All equity grants made under the Dynavax Technologies Corporation 2004 Non-Employee Directors
Stock Option Plan are automatic, non-qualified grants made to outside directors of Dynavax. In
addition, Ms. Phillips will be entitled to receive $1,500 for each Audit Committee meeting attended
in person and $500 for each Audit Committee meeting attended by telephone.
Ms. Phillips currently serves on the boards of directors of Portola Pharmaceuticals and the
United States Naval Academy Foundation.

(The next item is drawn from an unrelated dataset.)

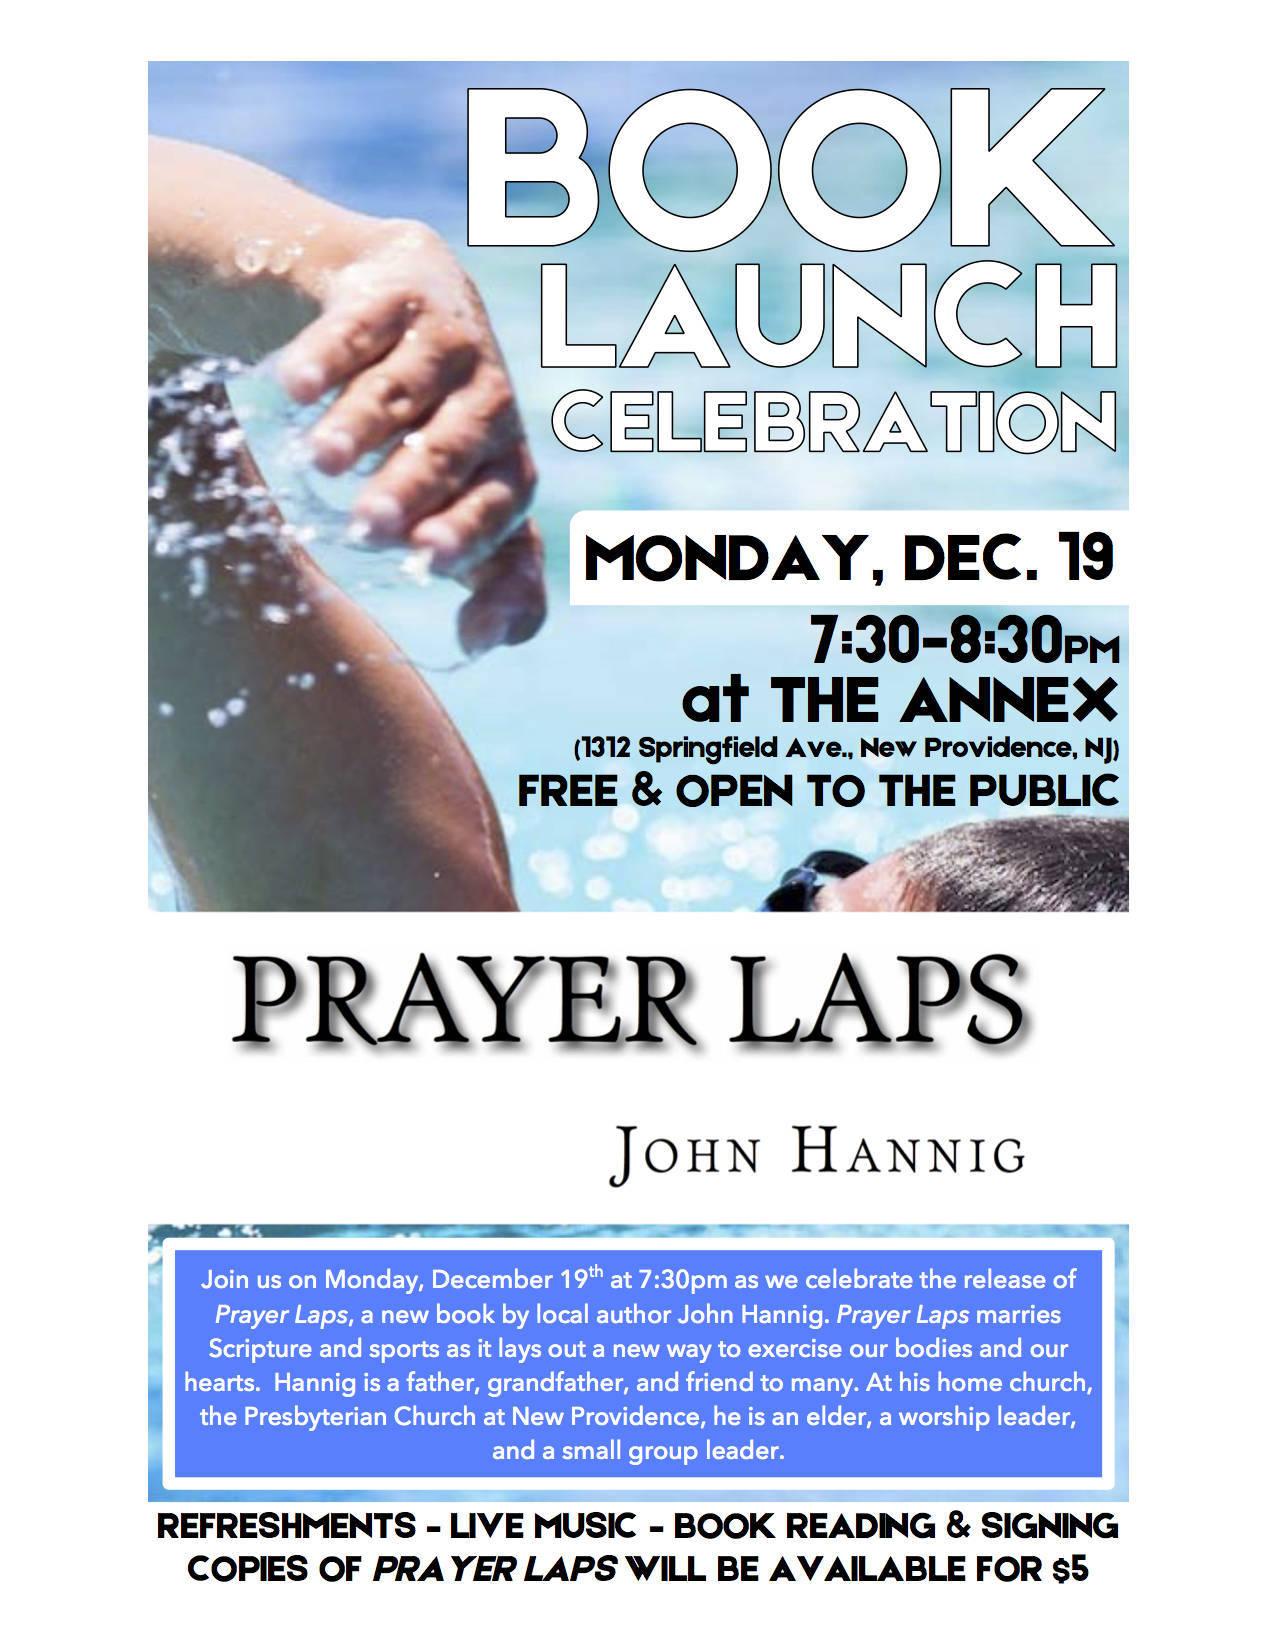 dc632eed7d5fe8674f9e_Prayer_Laps_Release_Poster.jpg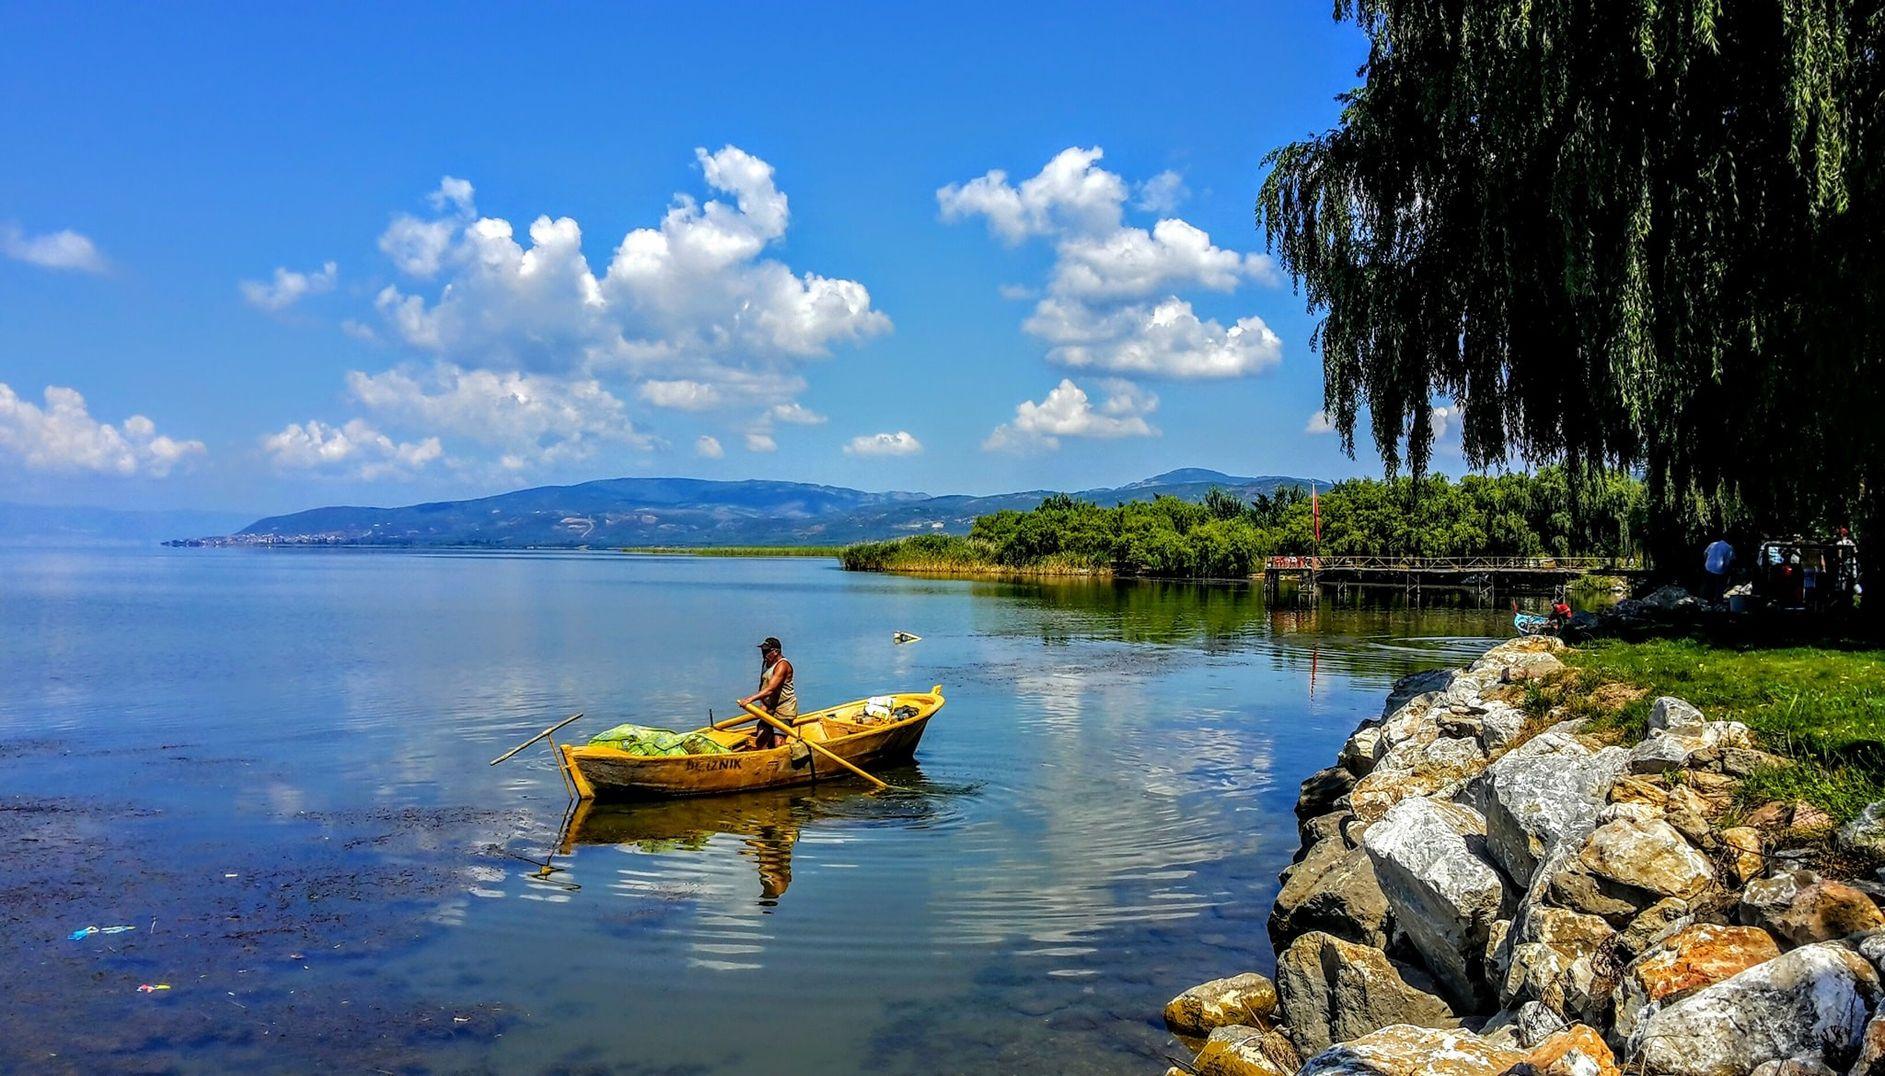 Bursa'nın ilçesi olan İznik, Dünya Miras Geçici Listesi'nde yer alıyor. İznik'in yakın zamanda kalıcı listeye geçmesi bekleniyor.

From 1996 until 2002, she served on the board of directors
of Immunex Corporation and from 1999 she served as the Chief Operating Officer until the company
was acquired by Amgen in 2002. During her long and distinguished career at Immunex, she held
positions of increasing responsibility in research, development, manufacturing, sales and
marketing. As senior vice president for pharmaceutical development and general manager for Enbrel,
she was responsible for clinical development and regulatory affairs as well as the launch, sales
and marketing of the product. Prior to joining Immunex, Ms. Phillips worked at Miles Laboratories. Ms. Phillips holds a BS and a MS in
microbiology from the University of Idaho.